New Zealand television actor, now based in Sydney, Australia

Roy Harwood Billing (born 1947) is a New Zealand television actor. Now based on Waiheke Island, he was brought up in Ruawai, Northland. Billing spent almost three decades living and working in Australia. He became widely known for his role as organised-crime boss "Aussie Bob" Trimbole in the TV series Underbelly.

==Career==
In 1965, Billing formed a psychedelic rock band called the Ministry of Fog. After a short period at university doing a science degree, he dropped out and had a job at Inland Revenue. After three years he moved into advertising, joining Auckland agencies Jacka Brown and later, McCann Erickson. He said that "For a long time, I was stuck in accounts when I really wanted to be in creative."

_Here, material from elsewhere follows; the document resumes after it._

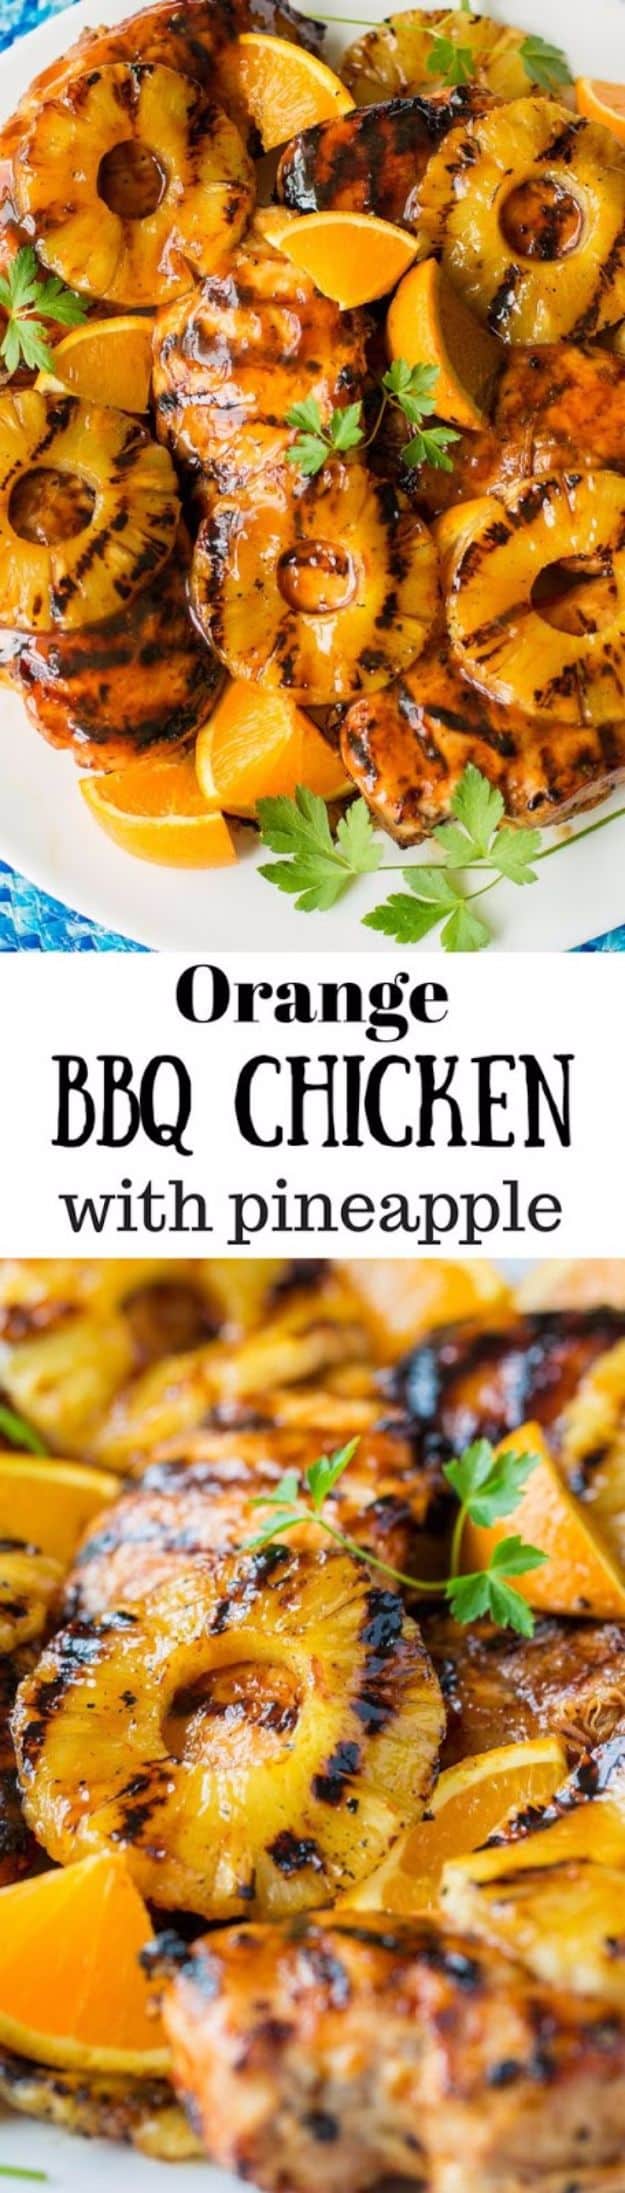 Best Barbecue Recipes - Orange Barbecue Grilled Chicken - Easy BBQ Recipe Ideas for Lunch, Dinner and Quick Party Appetizers - Grilled and Smoked Foods, Chicken, Beef and Meat, Fish and Vegetable Ideas for Grilling - Sauces and Rubs, Seasonings and Favorite Bar BBQ Tips #bbq #bbqrecipes #grilling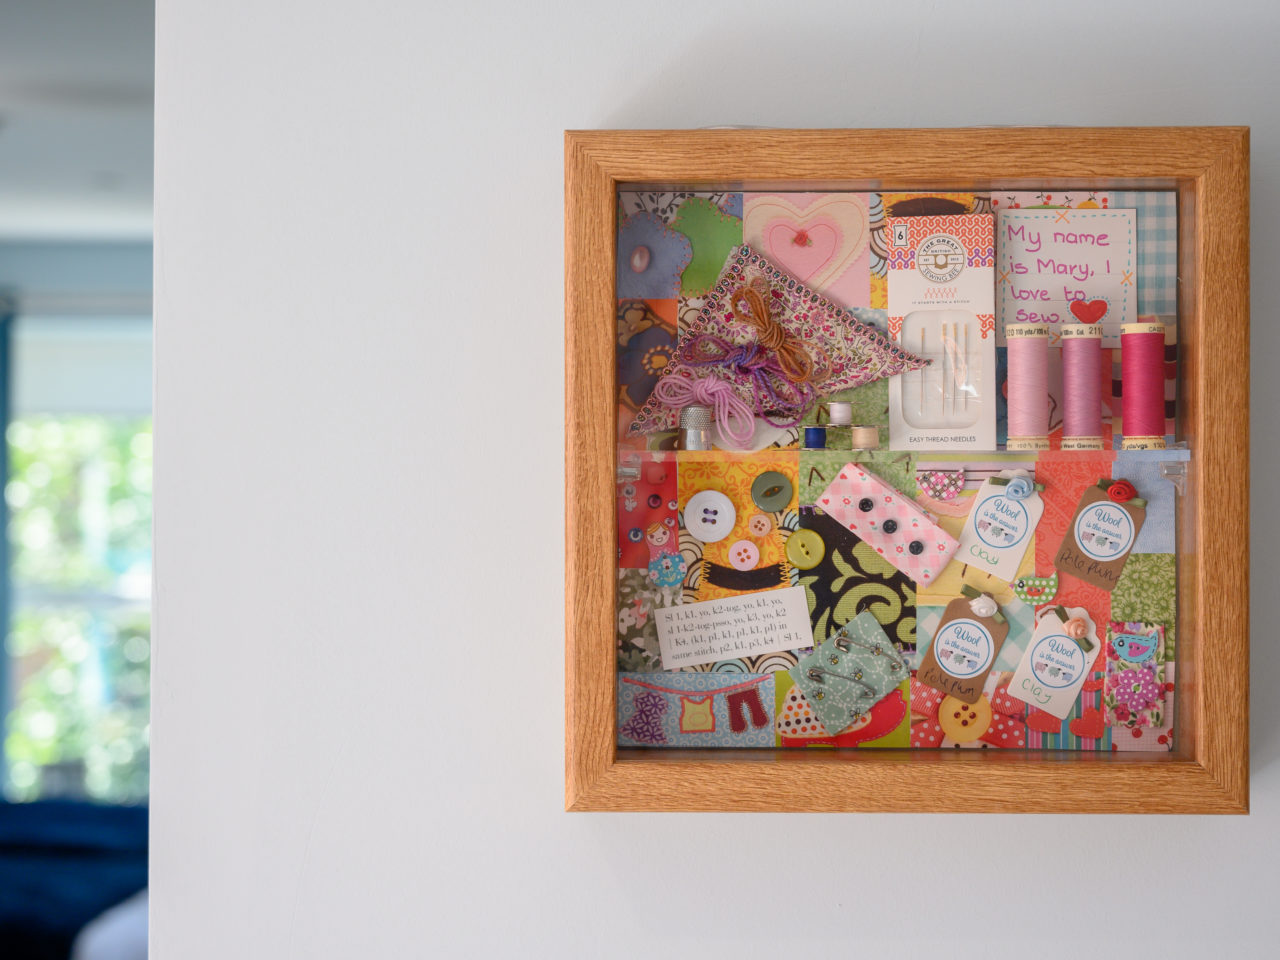 One of the memory boxes Bowbrook staff design to help residents find their rooms and living spaces at Bowbrook, a dementia specialist care home in Lichfield

After hobby stints in amateur theatre and Theatre Corporate, founding director Raymond Hawthorne offered him a job with a state theatre program, Theatre in Education, working with high schools throughout the North Island. Billing left advertising to take up the less lucrative new role at the age of 30. It was the beginning of his life as an actor. He aid "Looking back now, I don’t know how I managed it. Theatre in Education was actually quite a hard job. We travelled around the country going to schools and trying to engage students in the concepts of drama, and of course they didn’t want to know about it."

Billing has starred in many television shows and had main roles on Bad Cop, Bad Cop, Dossa and Joe and Hell Has Harbour Views. Billing also had a recurring role on Blue Heelers, as Senior Constable Ian Goss on Always Greener, as Eddie McGill on Packed to the Rafters as Ron Barrett and on Under the Mountain. In 2000 he featured in the film The Dish, a comedy about the Moon landings, portraying the mayor of Parkes. He also appeared as part of the ensemble on the 2006 season of Thank God You're Here. He had a guest role on All Saints.

From 2012, Billing played Harry Strang in the Jack Irish television drama series and television movies adapted from the detective novels by Peter Temple.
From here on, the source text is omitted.